Let $(\mathbb{N},\ 0\colon \mathbf{1} \mapsto \mathbb{N},\ s\colon \mathbb{N} \mapsto \mathbb{N})$ be a natural numbers object in a topos $\mathbf{T}$. Elements of $\mathbb{N}$ are maps $n\colon \mathbf{1} \mapsto \mathbb{N}$. Note we can generate an infinite family of elements of $\mathbb{N}$:
$$ 0\colon \mathbf{1} \mapsto \mathbb{N} \\ 1 = s0\colon \mathbf{1} \mapsto \mathbb{N} \\ 2 = s1\colon \mathbf{1} \mapsto \mathbb{N} \\ \vdots $$
Intuitively, this should generate all the elements of $\mathbb{N}$. Is it true that every element of $\mathbb{N}$ is in the above family? If not, can we put conditions on $\mathbf{T}$ to ensure this?
No. For instance, in $\mathtt{Set}\times\mathtt{Set}$, the natural numbers object is $(\mathbb{N},\mathbb{N})$ and its elements are given by pairs $(a,b)$ of natural numbers, with $s^n0=(n,n)$ so your family of elements is only the "diagonal" elements.

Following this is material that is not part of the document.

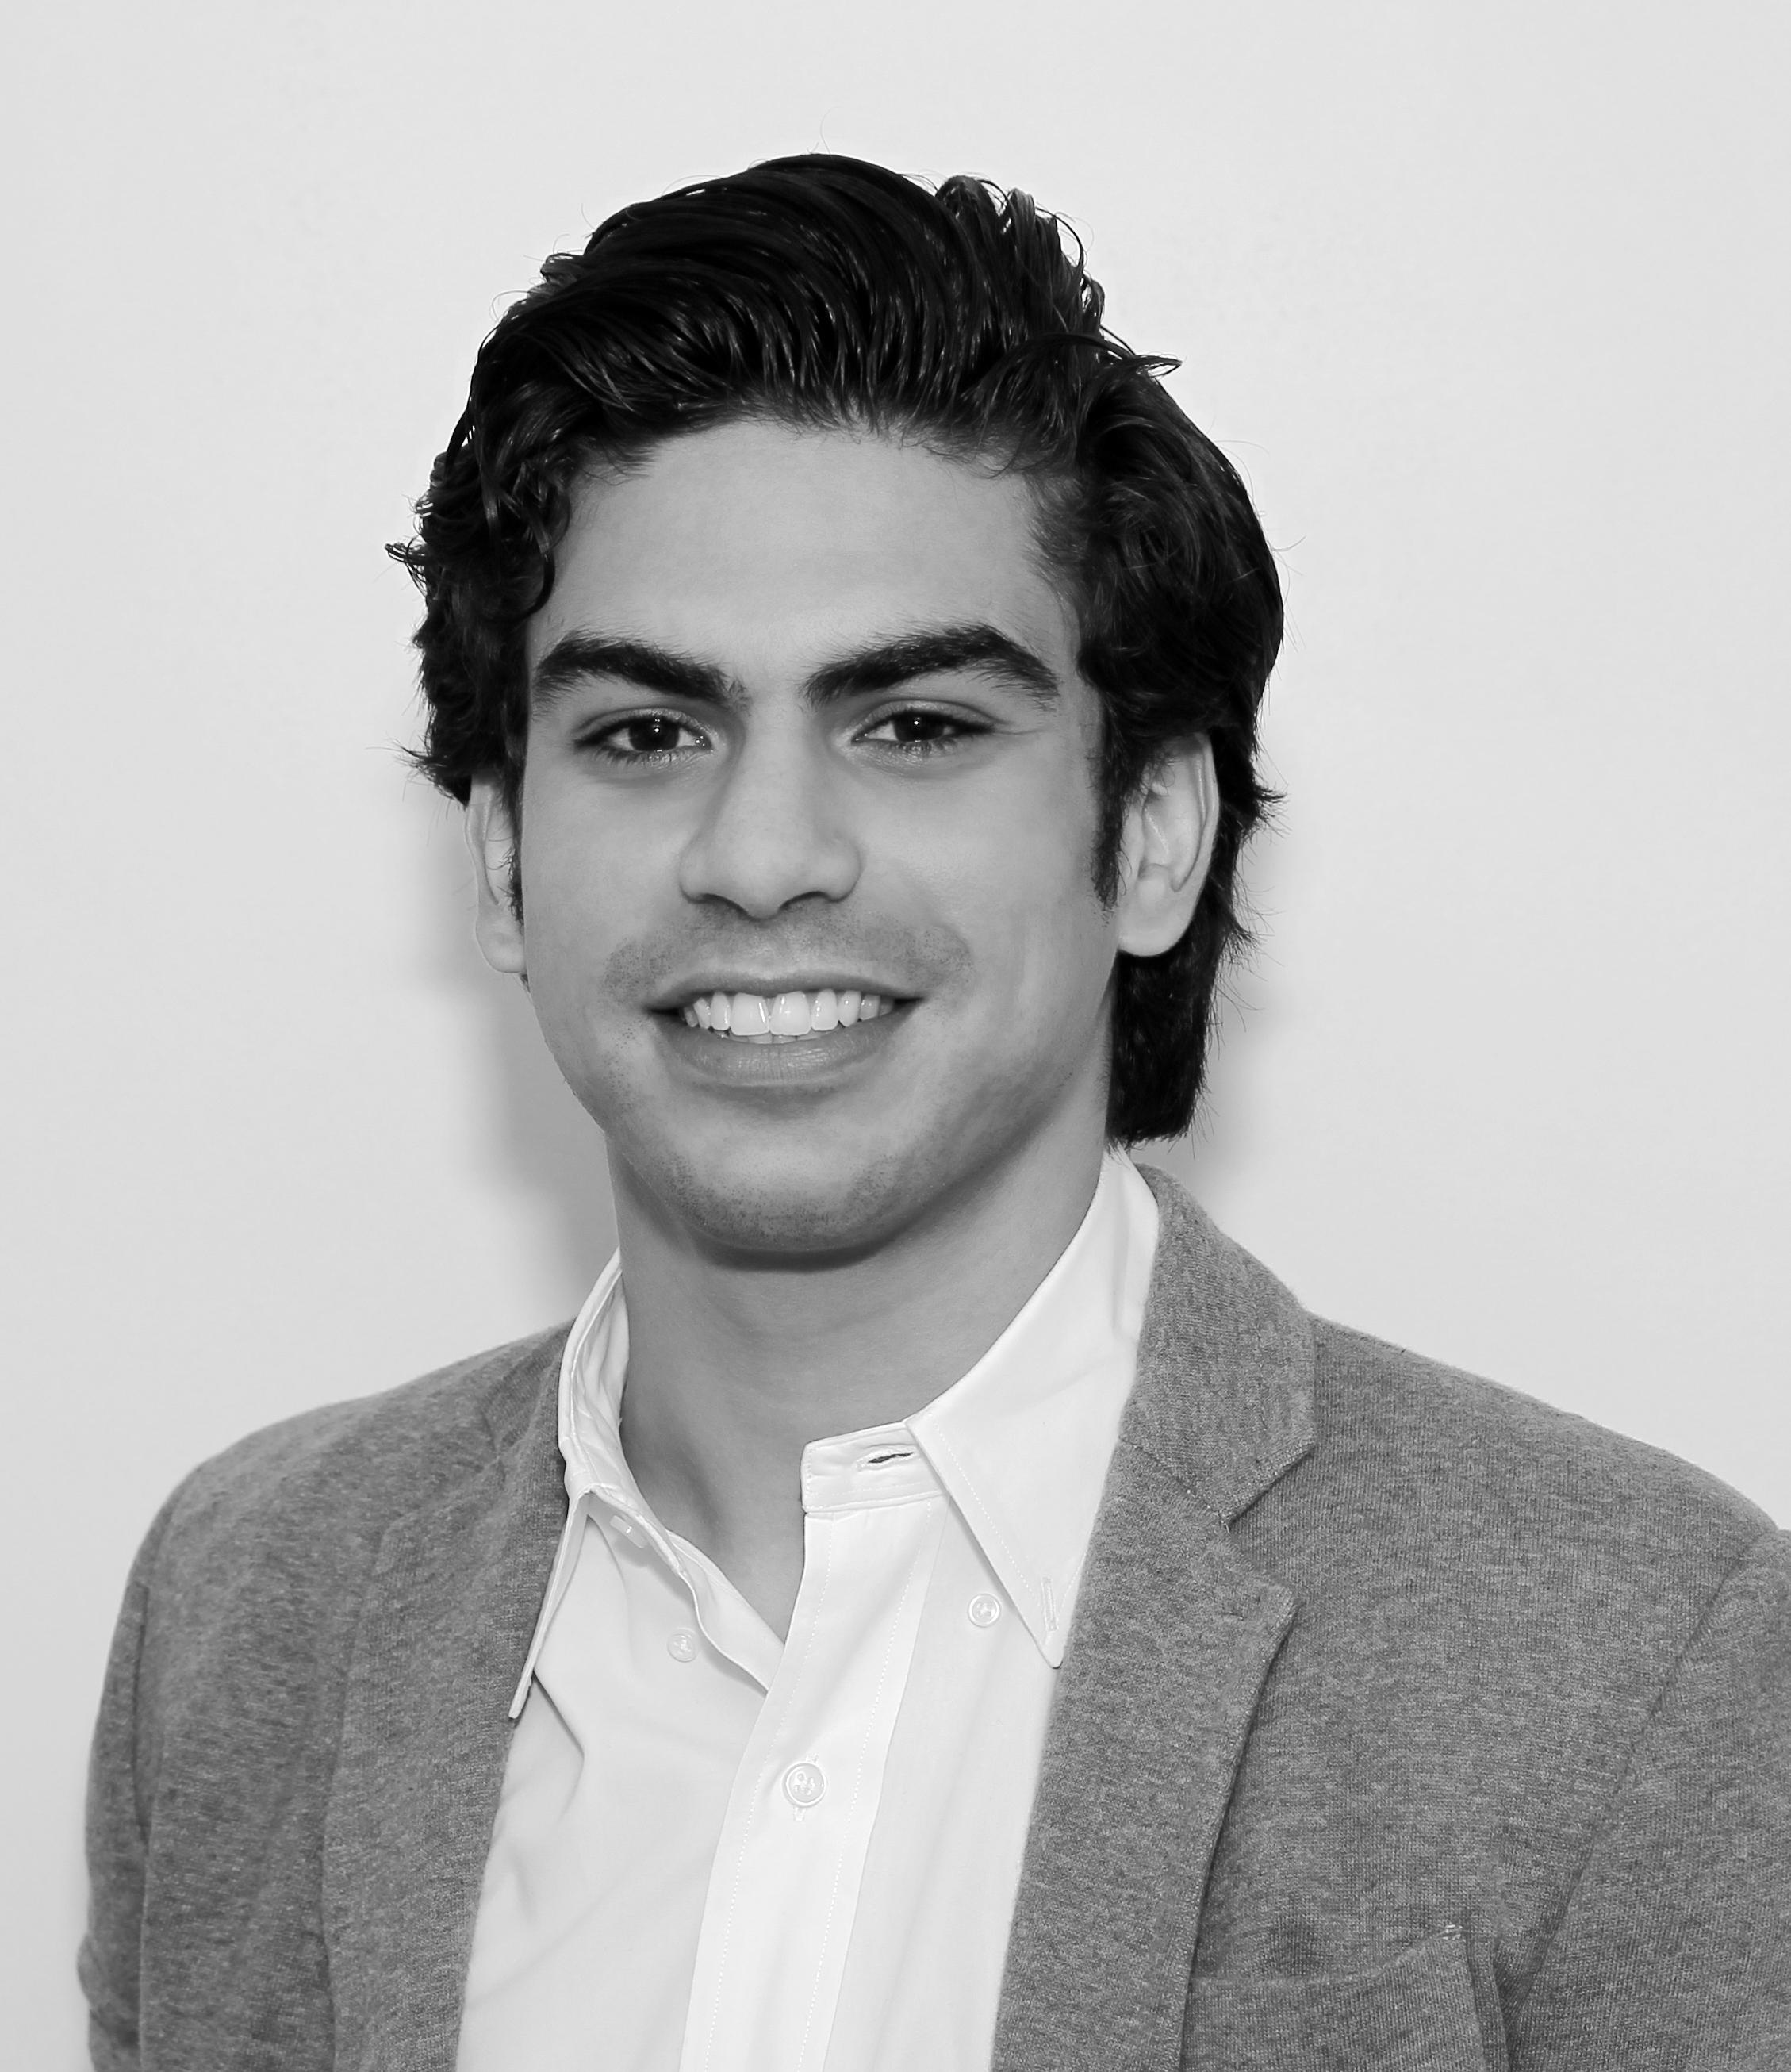 Andres Calleja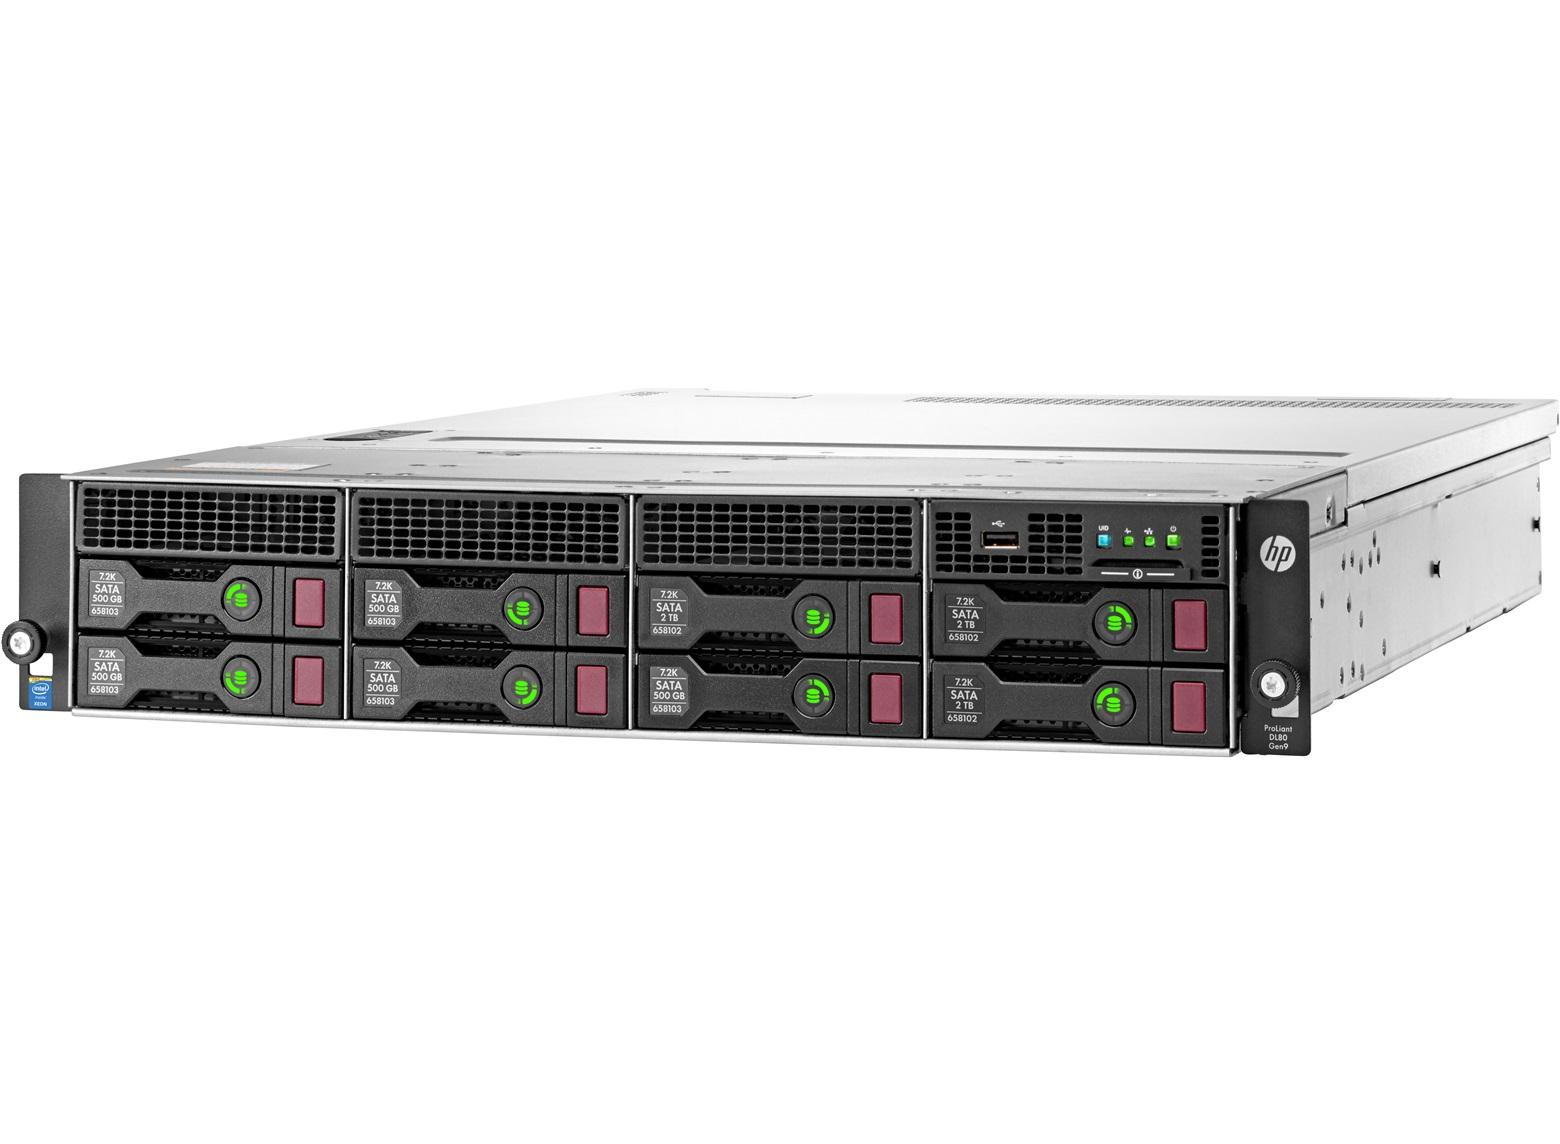 HP DL80 Gen9 E5-2603v3, 8GB, P840/4GB, 12 x LFF

I don't know what sort of condition you are looking for that would guarantee this. In a Grothendieck topos, this is equivalent to the topos being connected. But weirder things can happen in elementary toposes; for instance, if you take an elementary topos that comes from an $\omega$-nonstandard model of set theory, it will be connected but the elements of its natural numbers object will be a nonstandard model of arithmetic.